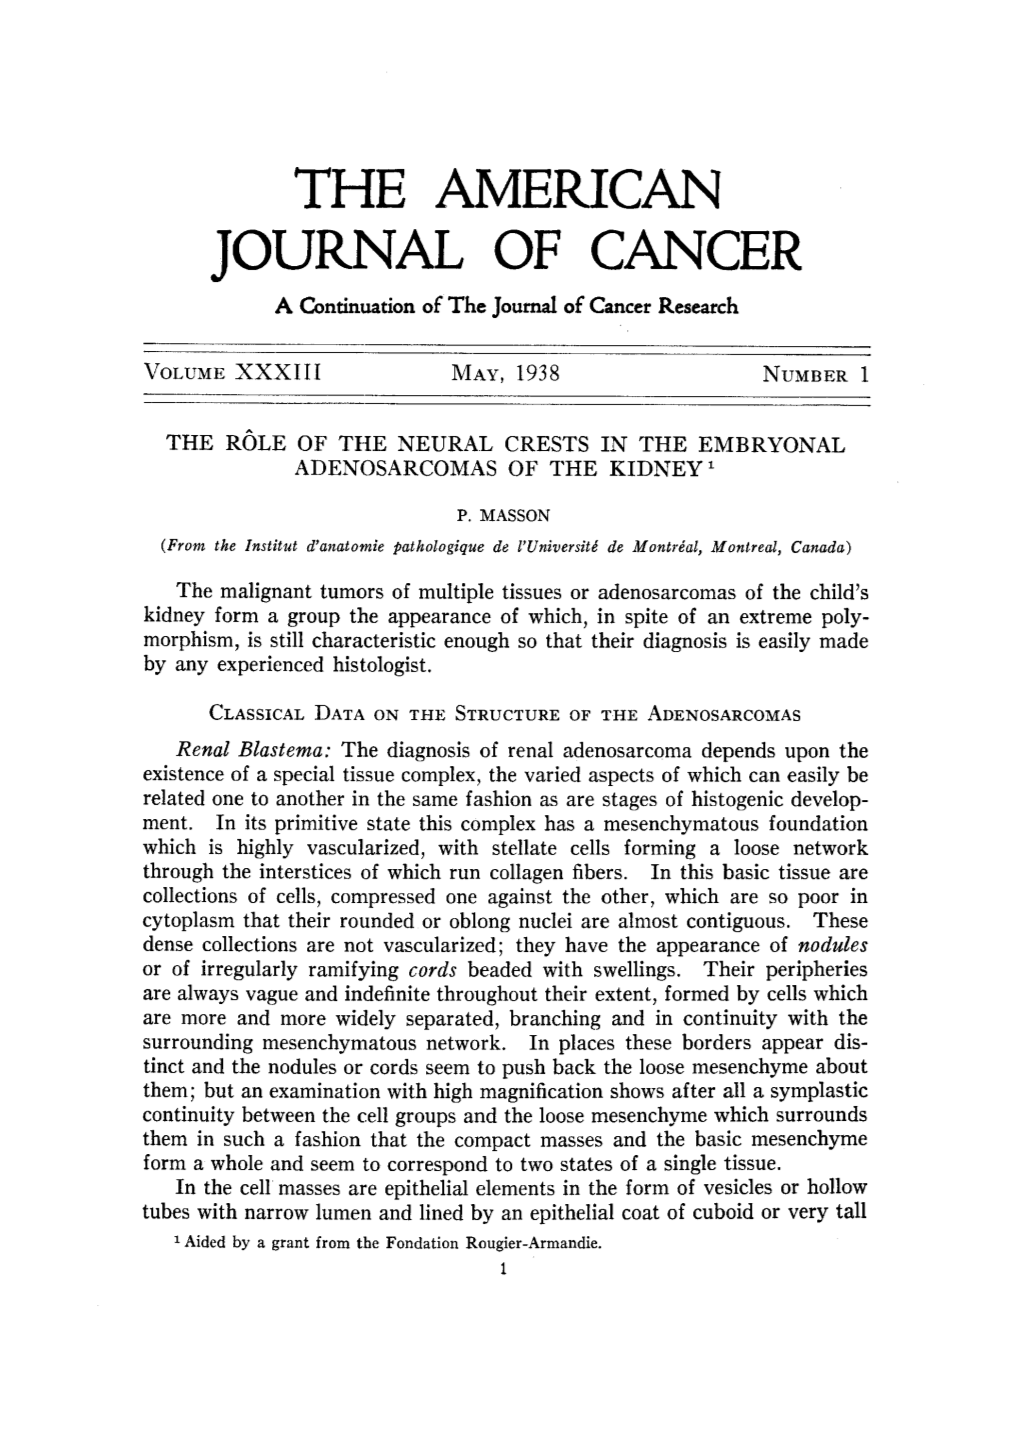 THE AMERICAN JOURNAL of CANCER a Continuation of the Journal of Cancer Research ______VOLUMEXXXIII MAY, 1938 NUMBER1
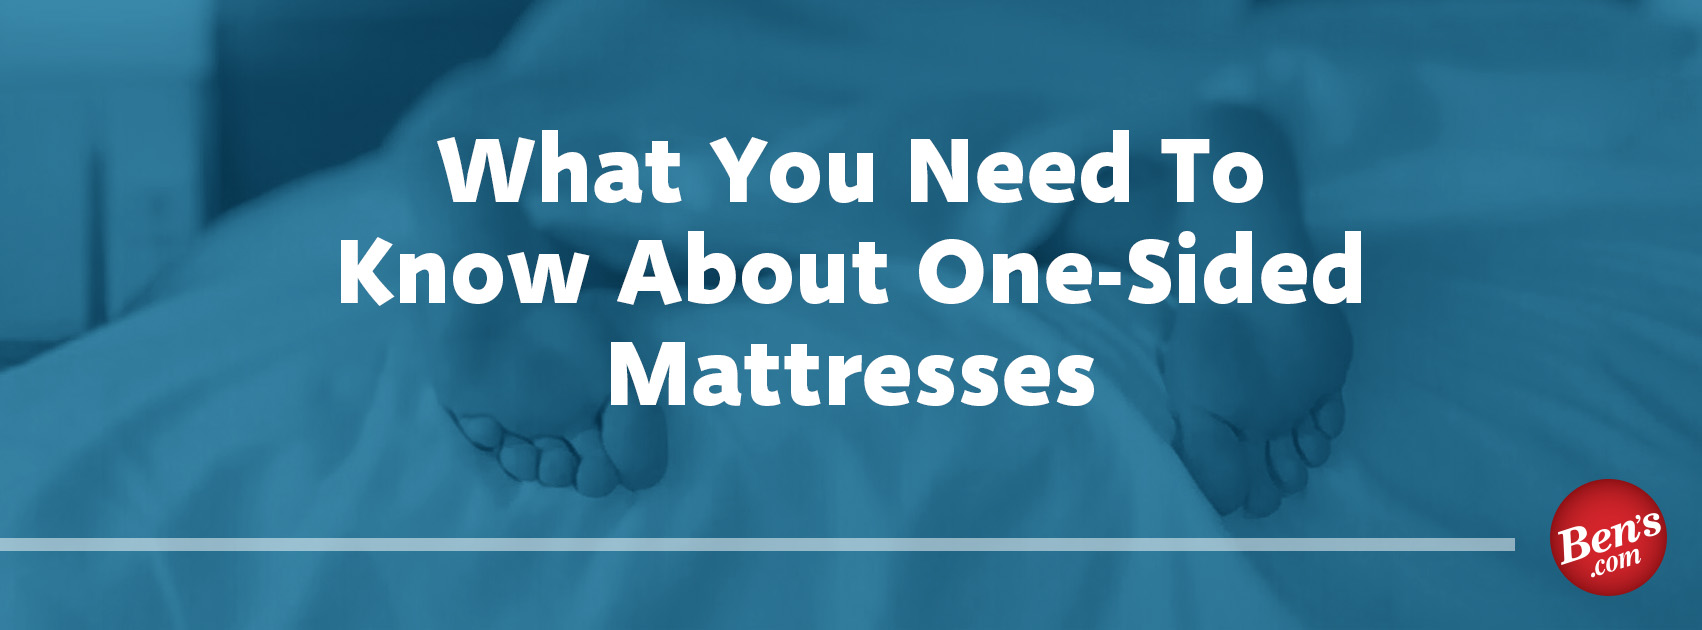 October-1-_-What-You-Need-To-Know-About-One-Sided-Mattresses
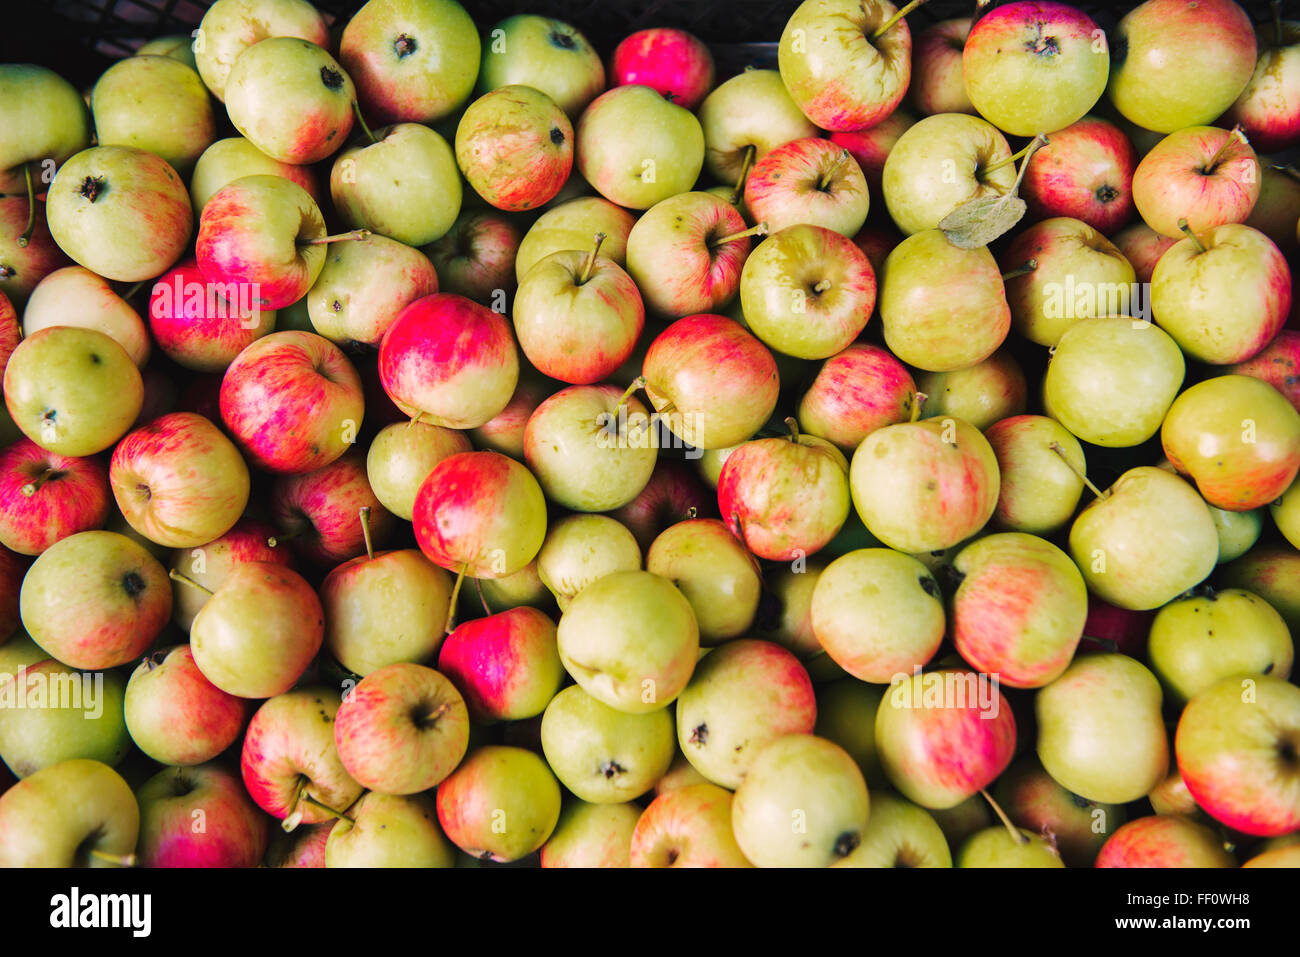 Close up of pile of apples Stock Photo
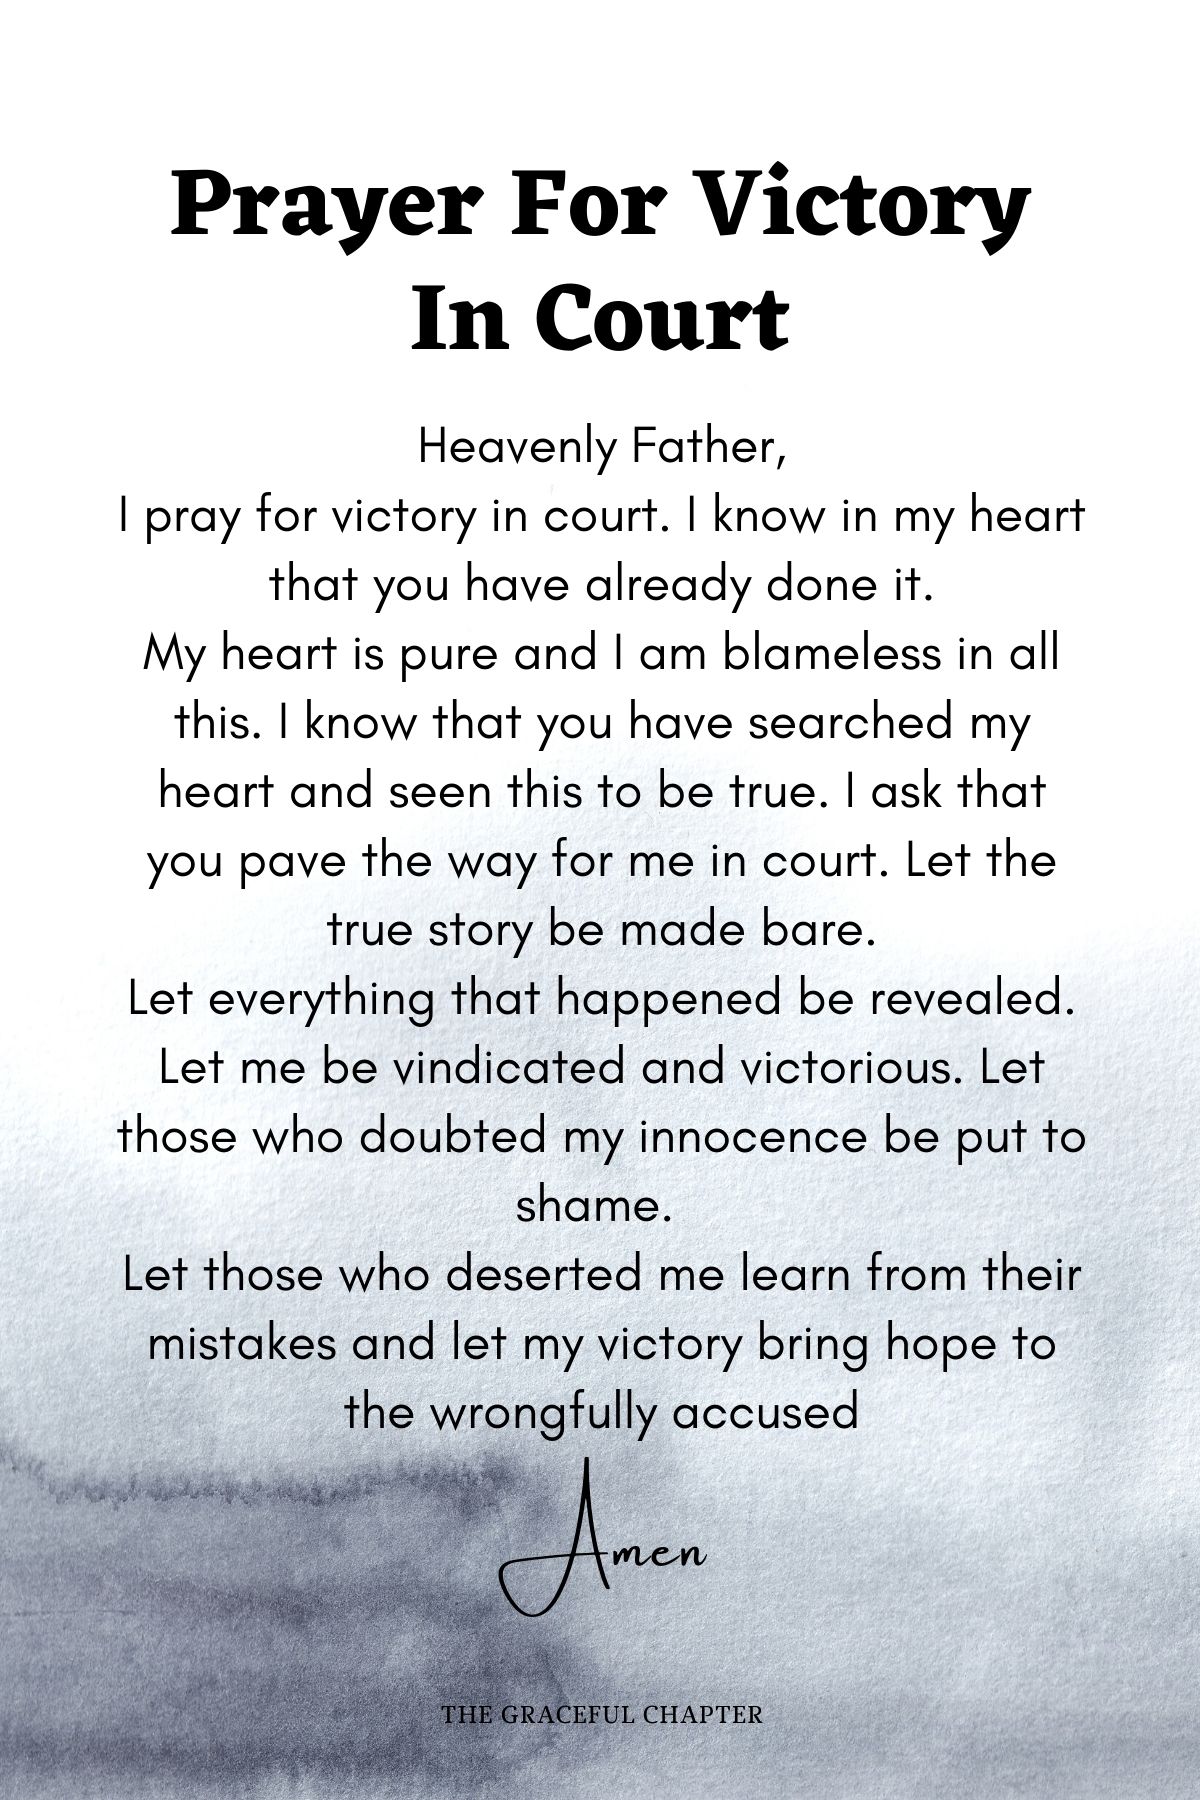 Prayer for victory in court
▬▬▬
• [ASSIGNED TASK]
I need the lines from the line containing "October-1-_-What-You-Need-To-Know-About-One-Sided-Mattresses" through the final line of the listing duplicated exactly, both ends included, with no pictures and nothing else.

• [RESPONSE AREA]
 October-1-_-What-You-Need-To-Know-About-One-Sided-Mattresses
 Close up of pile of apples Stock Photo
 Prayer for victory in court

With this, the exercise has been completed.